Abstract

Transmission of HIV-1 resistance mutations among therapy-naïve patients impairs the efficiency of antiretroviral therapy (ART). Therefore, genotypic resistance testing of patients is recommended at baseline, as this both allows for the selection of the correct ART regimen and for surveillance of transmitted drug resistance mutations (TDRM) among therapy naive HIV-1 patients. In Denmark, the occurrence of TDRM in newly diagnosed and therapy naïve HIV-1 patients is monitored through the SERO project. Here, we investigated if the prevalence of TDRM differed between patients within and outside of phylogenetically identified transmission clusters. Samples from 1,227 newly diagnosed HIV-1 patients were sent along with epidemiological information to the Virological Surveillance and Research group at Statens Serum Institut. HIV-1 RNA extraction, RT-PCR and Sanger sequencing of the pol gene was performed using an in-house assay. The sequences were analyzed using BioNumerics v. 6.6 and manually checked for the presence of mixed mutations and analyzed for mutations using the HIVDB 8.4 algorithm implemented at the Stanford database. Sequence alignments were performed in Mafft, and phylogenetic analysis was performed using Mega 6.0 using the Maximum likelihood general time reversible model with 100 bootstrap replicates. Clusters were identified with ClusterPicker at default settings (cluster support = 90%, genetic distance 4.5%). Active clusters contained newly diagnosed patients from the 2015 to 2017 period. HIV-1 sequences from 588 patients belonged to one of 154 clusters, and sequences from 639 patients did not belong to a cluster. Patients in clusters were significantly more likely to be men who have sex with men and subtype B and significantly less likely to be late presenters (Fisher’s test P < 0.05).

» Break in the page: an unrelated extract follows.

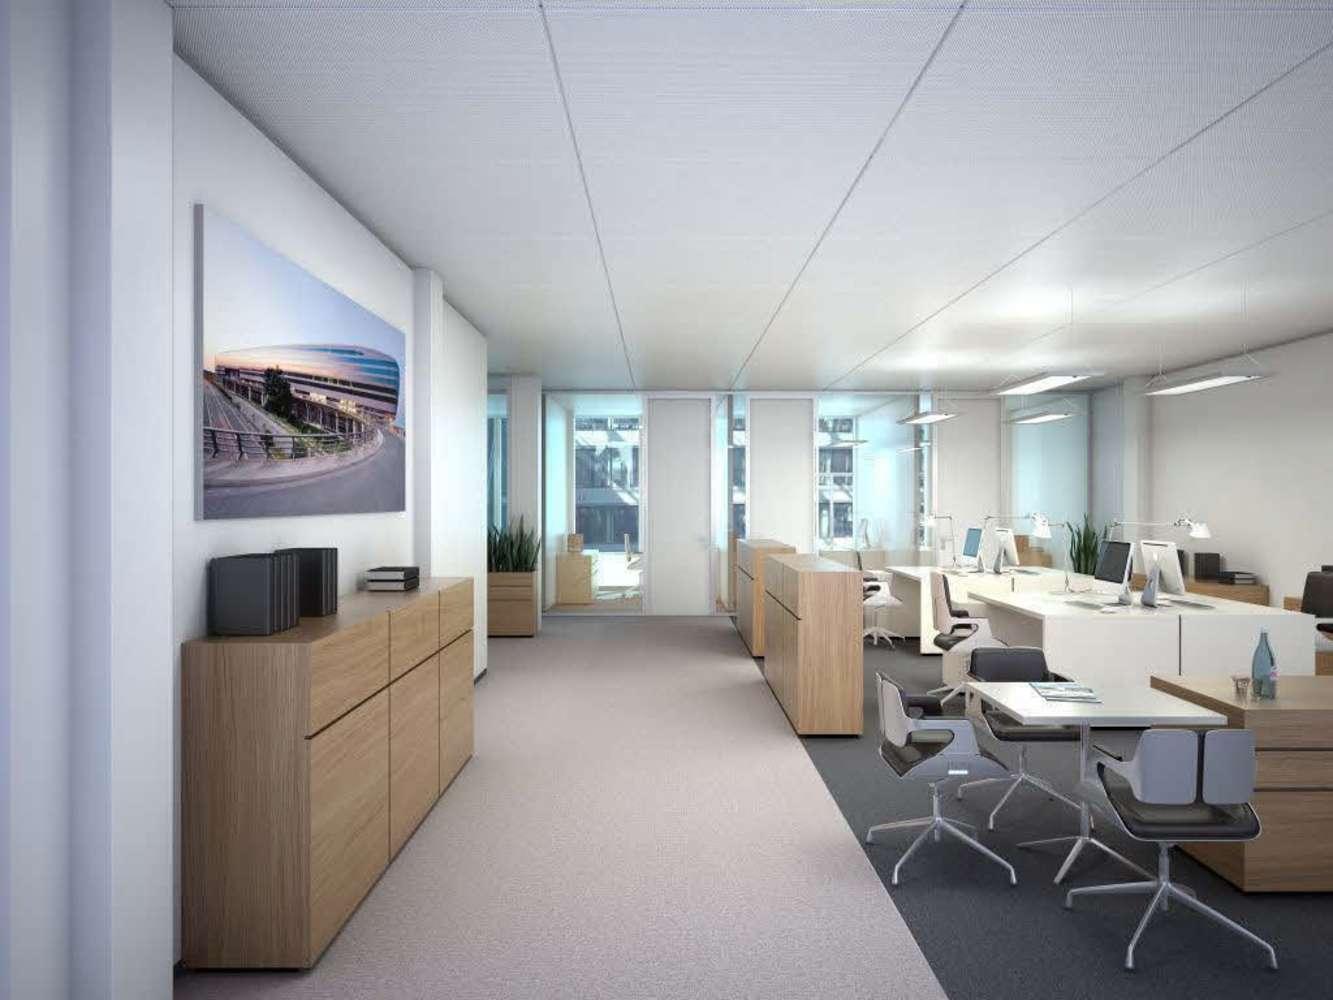 Büros Frankfurt am main, 60549 - Büro - Frankfurt am Main, Flughafen - F2320 - 9510644
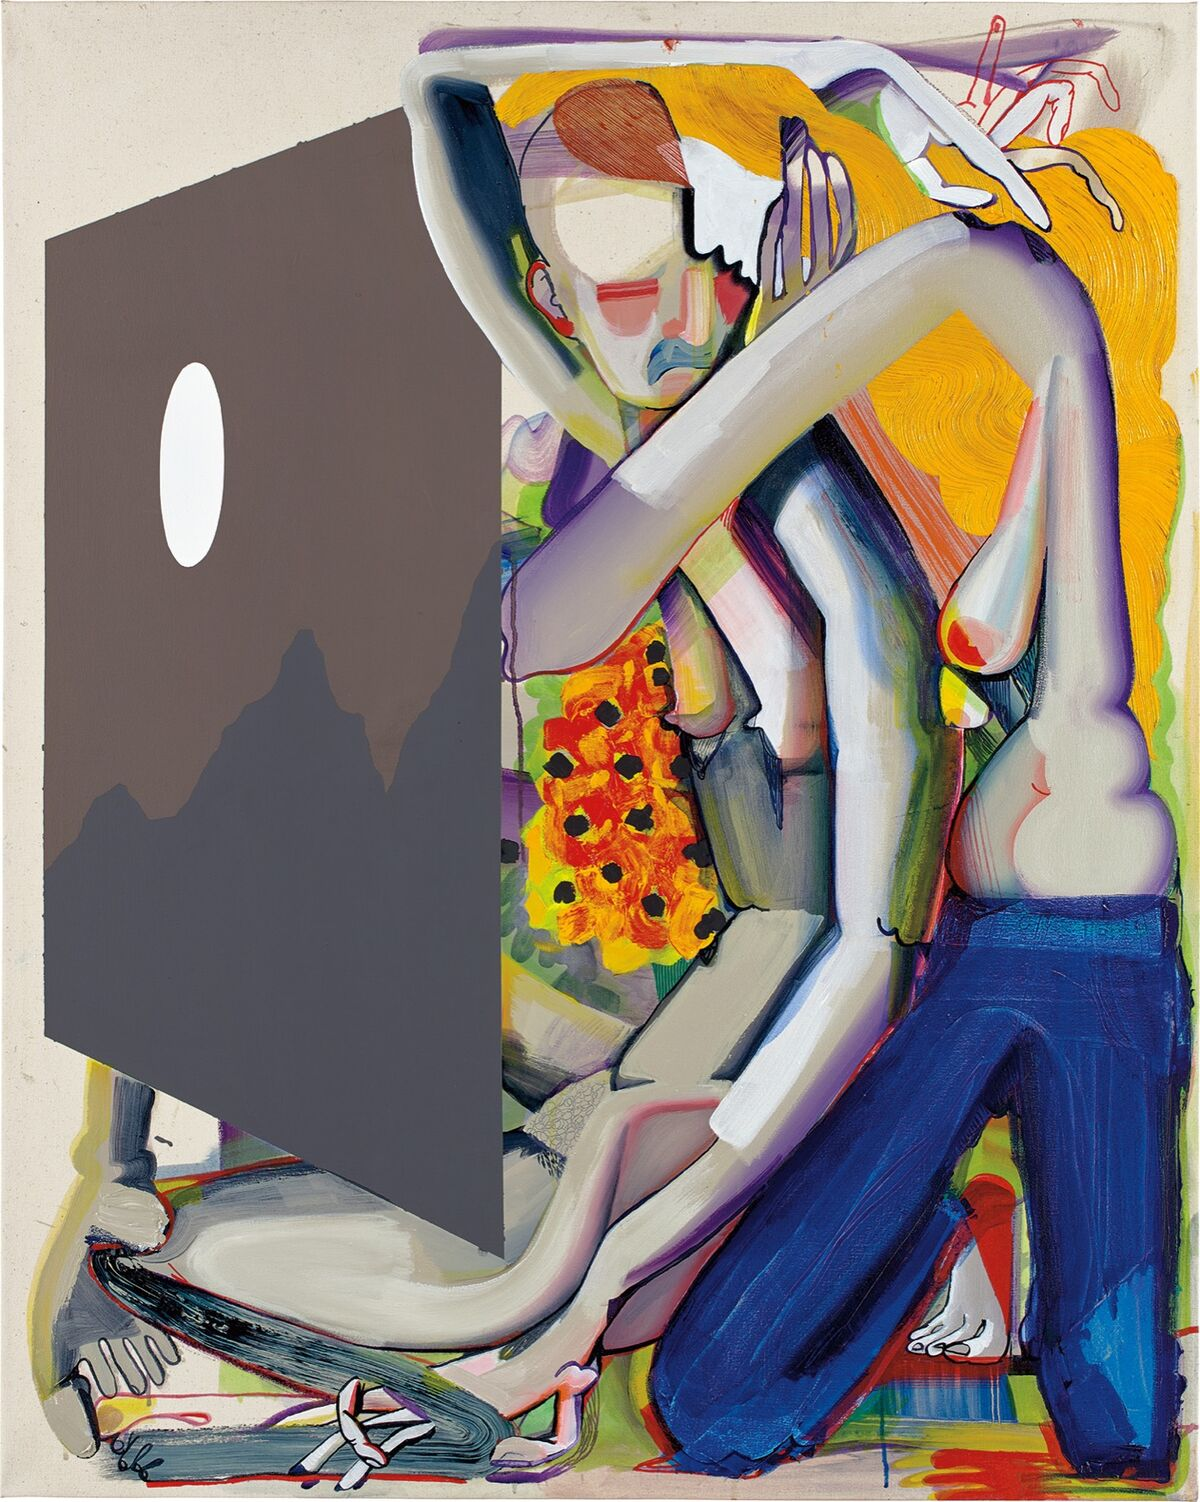 Christina Quarles, Moon (Lez Go Out N' Feel Tha Nite), 2017

The TDRM prevalence was significantly higher for patients outside of clusters than within clusters, 16.6 per cent versus 12.1 per cent, respectively (Fisher’s test P < 0.05); however, no significant differences were found in the TDRM prevalence between the 75 active and 79 inactive clusters, nor between small (<3 patients) and large (≥3 patients) clusters. E138A, V179D, and K103N were the three most prevalent TDRMs for both patient groups, whereas M41L differed between them. In Denmark, the TDRM prevalence is lower within clusters than outside, indicating that TDRM cases are either imported and/or belong to yet unidentified clusters.